It's like any other guy hobby -- once you know the vocabulary, you're an expert! The "clip" vs. "magazine" thing is one of your first hurdles. I'm still trying to figure out exactly what a "sear" is.


----------



## jski711 (Sep 15, 2008)

So what is the difference between a clip and a magazine since we are on the topic. Also I noticed that the range I go to had a sign saying they banned wolf brand ammo, any ideas why they would do that? I forgot to ask them while is was there. Thanks again everyone, keep the info coming im like a sponge right now just soaking it all up.

Jake


----------



## BigBuckeye (Sep 23, 2008)

jski711 said:


> So what is the difference between a clip and a magazine since we are on the topic.
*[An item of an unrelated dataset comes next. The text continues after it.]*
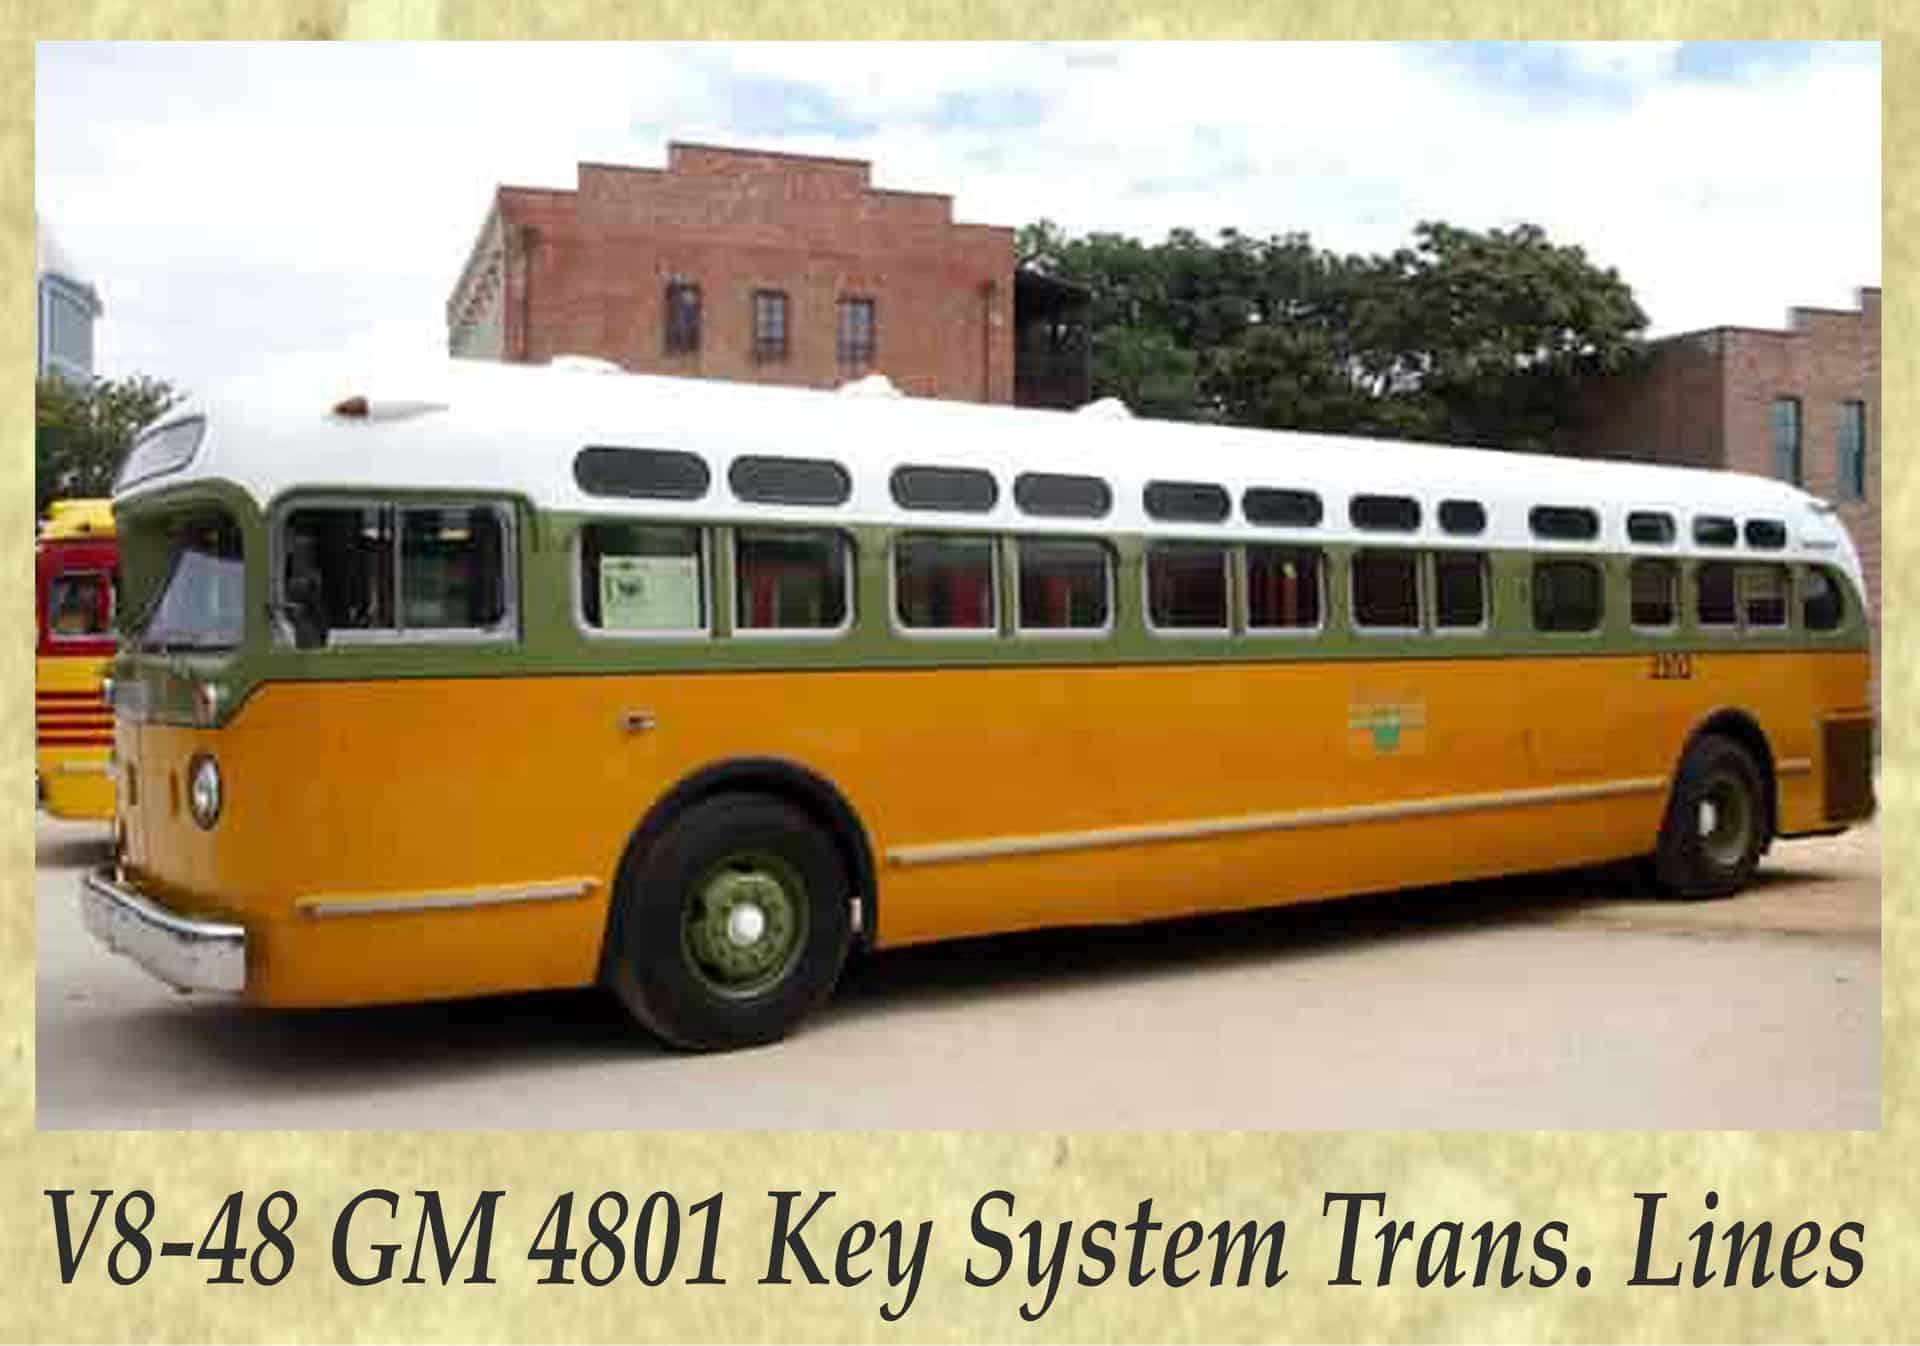 V8-48 GM 4801 Key System Trans. Lines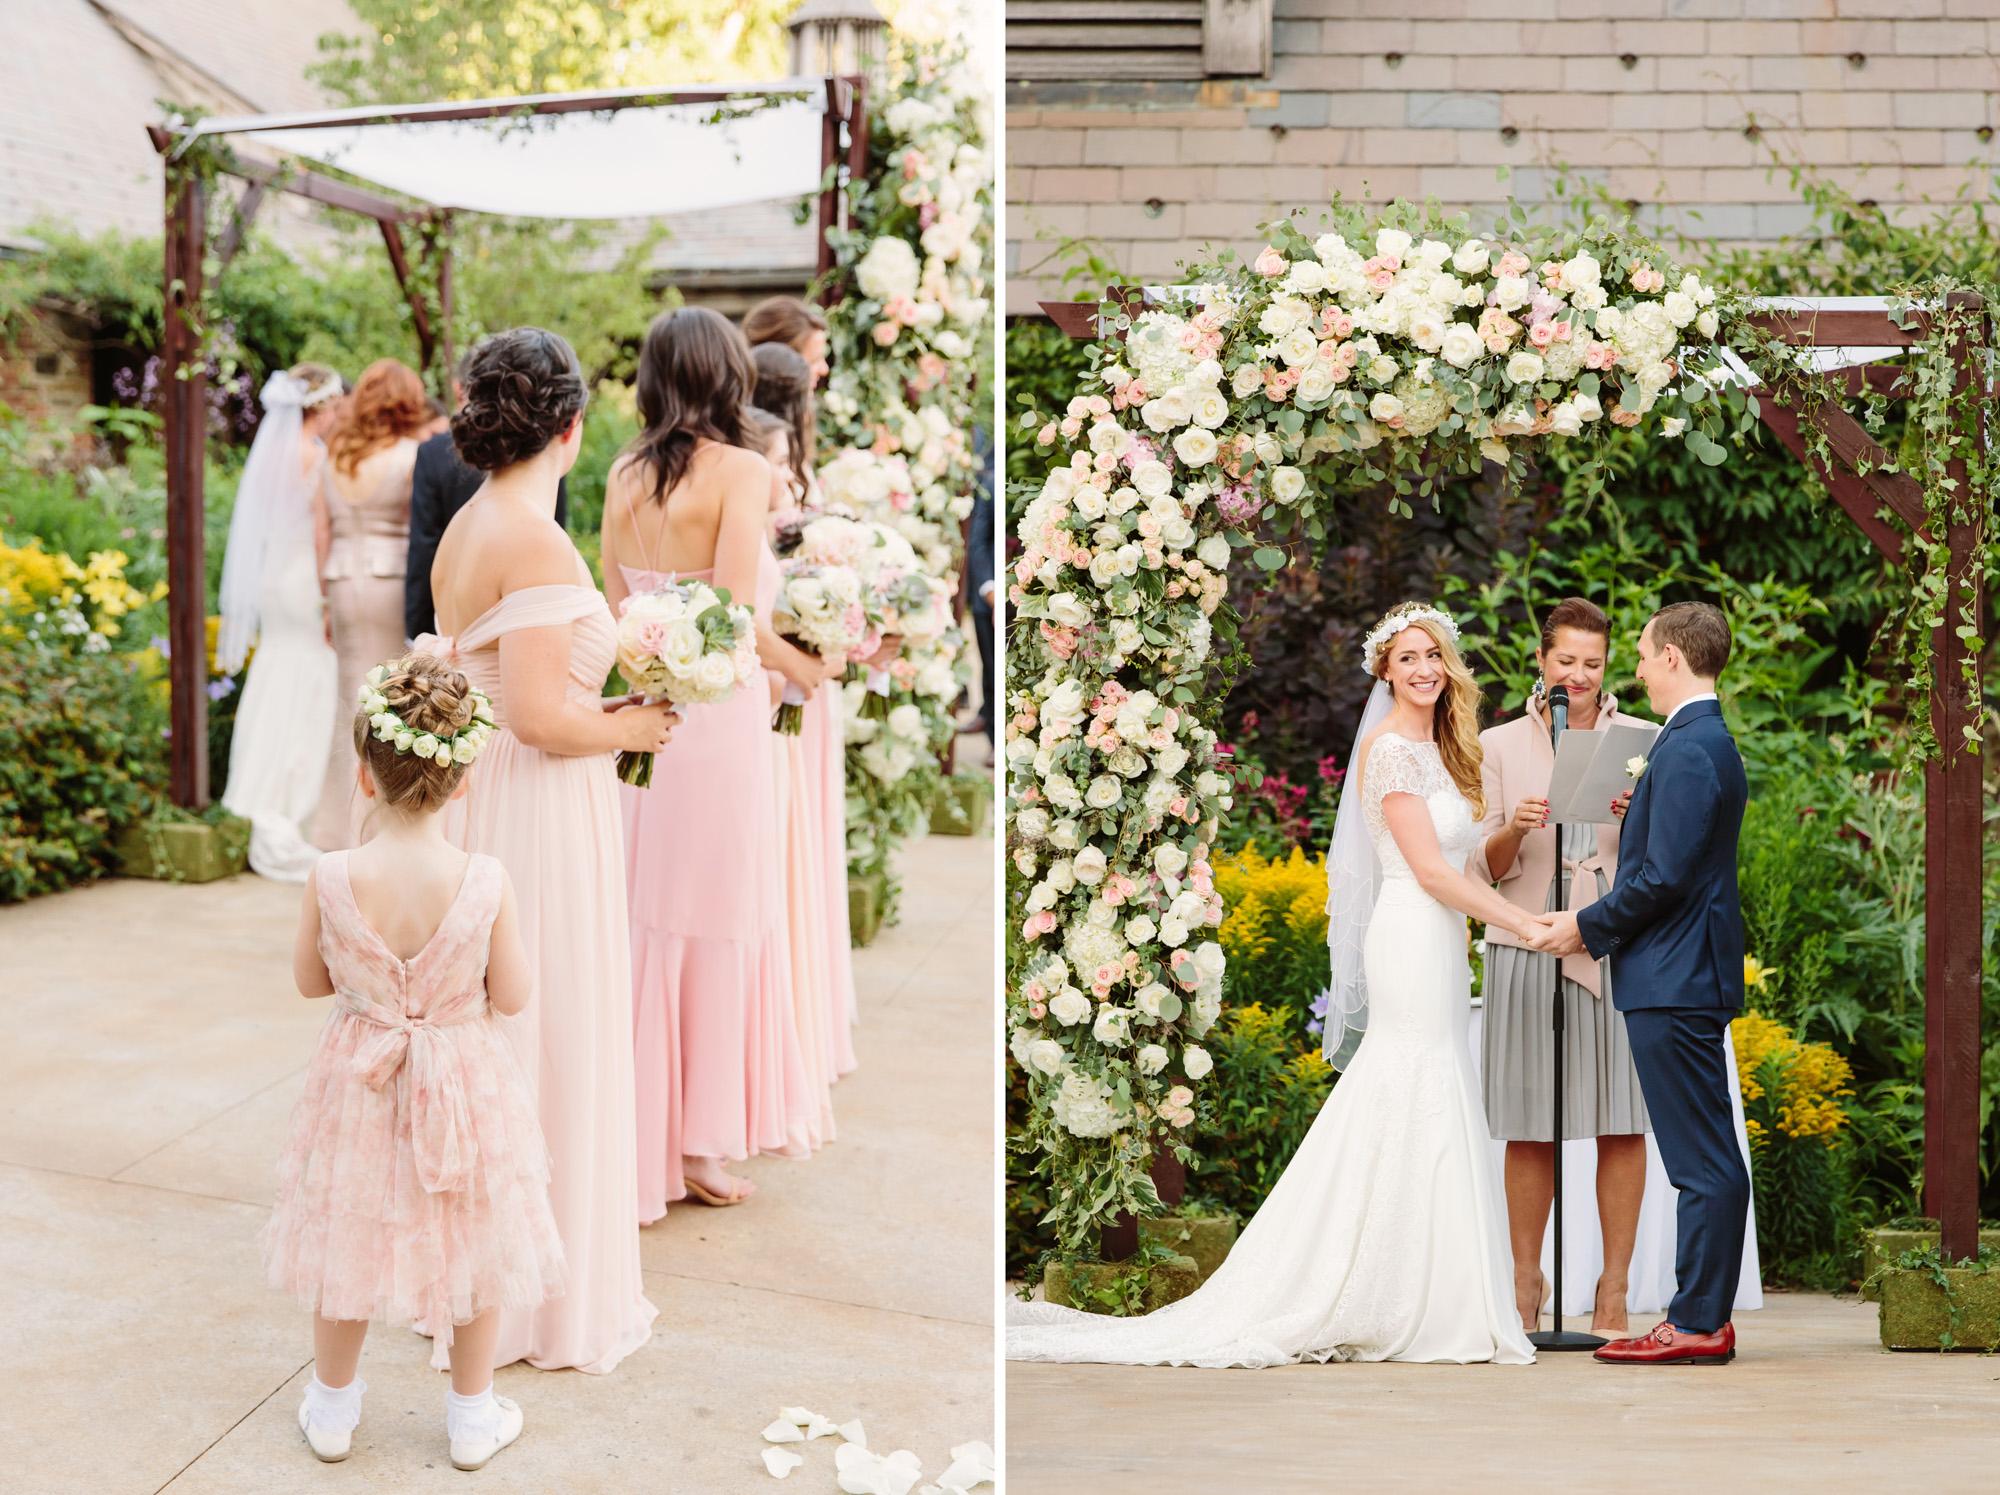 45_Jessica_Ted_Blue_Hill_Stone_Barns_Wedding_Pocantico_NY_Tanya_Salazar_Photography.jpg

Also I noticed that the range I go to had a sign saying they banned wolf brand ammo, any ideas why they would do that? I forgot to ask them while is was there. Thanks again everyone, keep the info coming im like a sponge right now just soaking it all up.
> 
> Jake


I'm right there with you, sounds like we both just purchased our first gun....I too am trying to soak up as much as possible.

Good luck!


----------



## BeefyBeefo (Jan 30, 2008)

jski711 said:


> So what is the difference between a clip and a magazine since we are on the topic.




Far left is a "Clip," the rest are "Magazines". :smt023



> Also I noticed that the range I go to had a sign saying they banned wolf brand ammo, any ideas why they would do that? I forgot to ask them while is was there.


I don't know for sure, but my guess would be that since Wolf ammo is not in a brass casing, and therefore not reloadable, that they don't want those casings mixed in with the good stuff. Just my guess.

-Jeff-:smt1099


----------